IPython.display.display_markdown(f'''\
Out of {revs} revisions scanned between {tsStart} and {tsEnd}:
- Registered editors made {regTot} contributions ({regTotP:.3}%)
  - {regCons} were likely constructive ({regConsP:.3}% of registered contributions, {regConsTP:.3}% of all contributions)
  - {regDest} were likely nonconstructive ({regDestP:.3}% of registered contributions, {regDestTP:.3}% of all contributions)
- Unregistered editors made {ipTot} contributions ({ipTotP:.3}%)
  - {ipCons} were likely constructive ({ipConsP:.3}% of unregistered contributions, {ipConsTP:.3}% of all contributions)
  - {ipDest} were likely nonconstructive ({ipDestP:.3}% of unregistered contributions, {ipDestTP:.3}% of all contributions)
''',raw=True)

Out of 250 revisions scanned between 2019-08-14T18:25:13Z and 2019-08-14T18:27:55Z:

  • Registered editors made 174 contributions (69.6%)
    • 168 were likely constructive (96.6% of registered contributions, 67.2% of all contributions)
    • 6 were likely nonconstructive (3.45% of registered contributions, 2.4% of all contributions)
  • Unregistered editors made 76 contributions (30.4%)
    • 53 were likely constructive (69.7% of unregistered contributions, 21.2% of all contributions)
    • 23 were likely nonconstructive (30.3% of unregistered contributions, 9.2% of all contributions)

Licensing

Copyright 2019 AntiCompositeNumber

Licensed under the Apache License, Version 2.0 (the "License"); you may not use this file except in compliance with the License.
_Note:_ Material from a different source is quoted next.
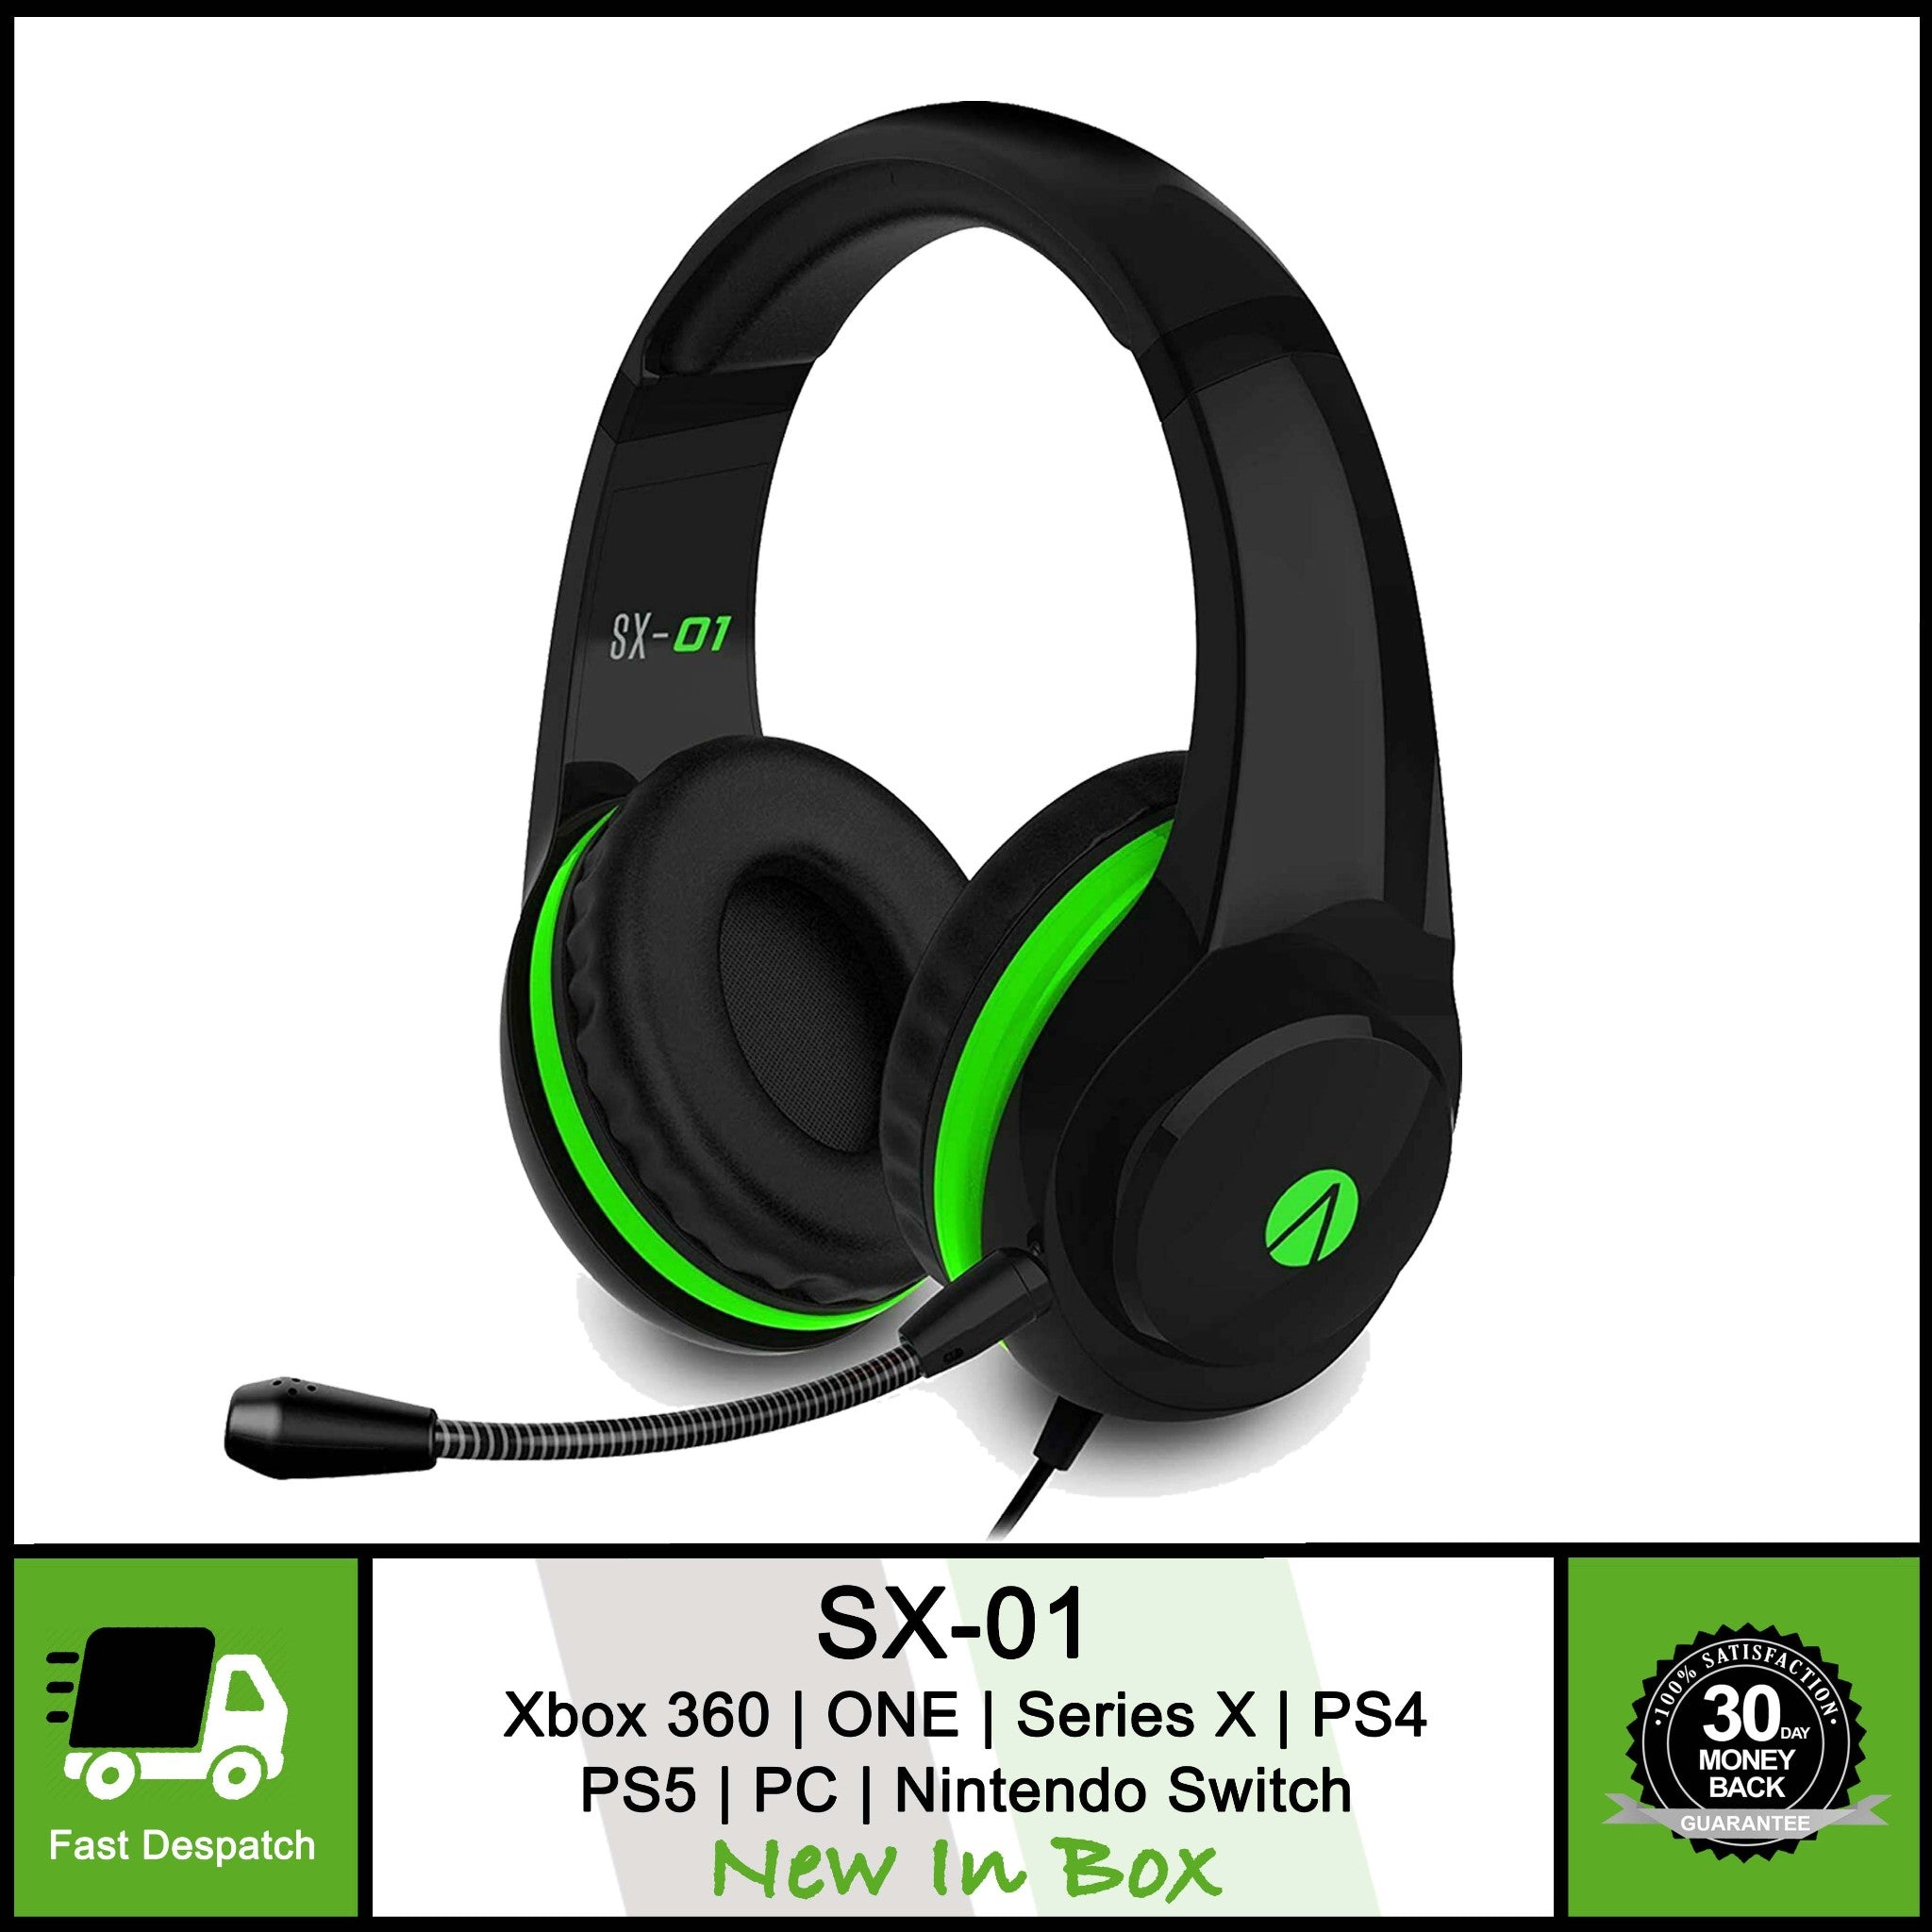 P Microsoft Wired Gaming Headset Xbox Stereo InSpireVideoGames For – Stealth One/S/X SX-01

You may obtain a copy of the License at

http://www.apache.org/licenses/LICENSE-2.0

Unless required by applicable law or agreed to in writing, software distributed under the License is distributed on an "AS IS" BASIS, WITHOUT WARRANTIES OR CONDITIONS OF ANY KIND, either express or implied. See the License for the specific language governing permissions and limitations under the License.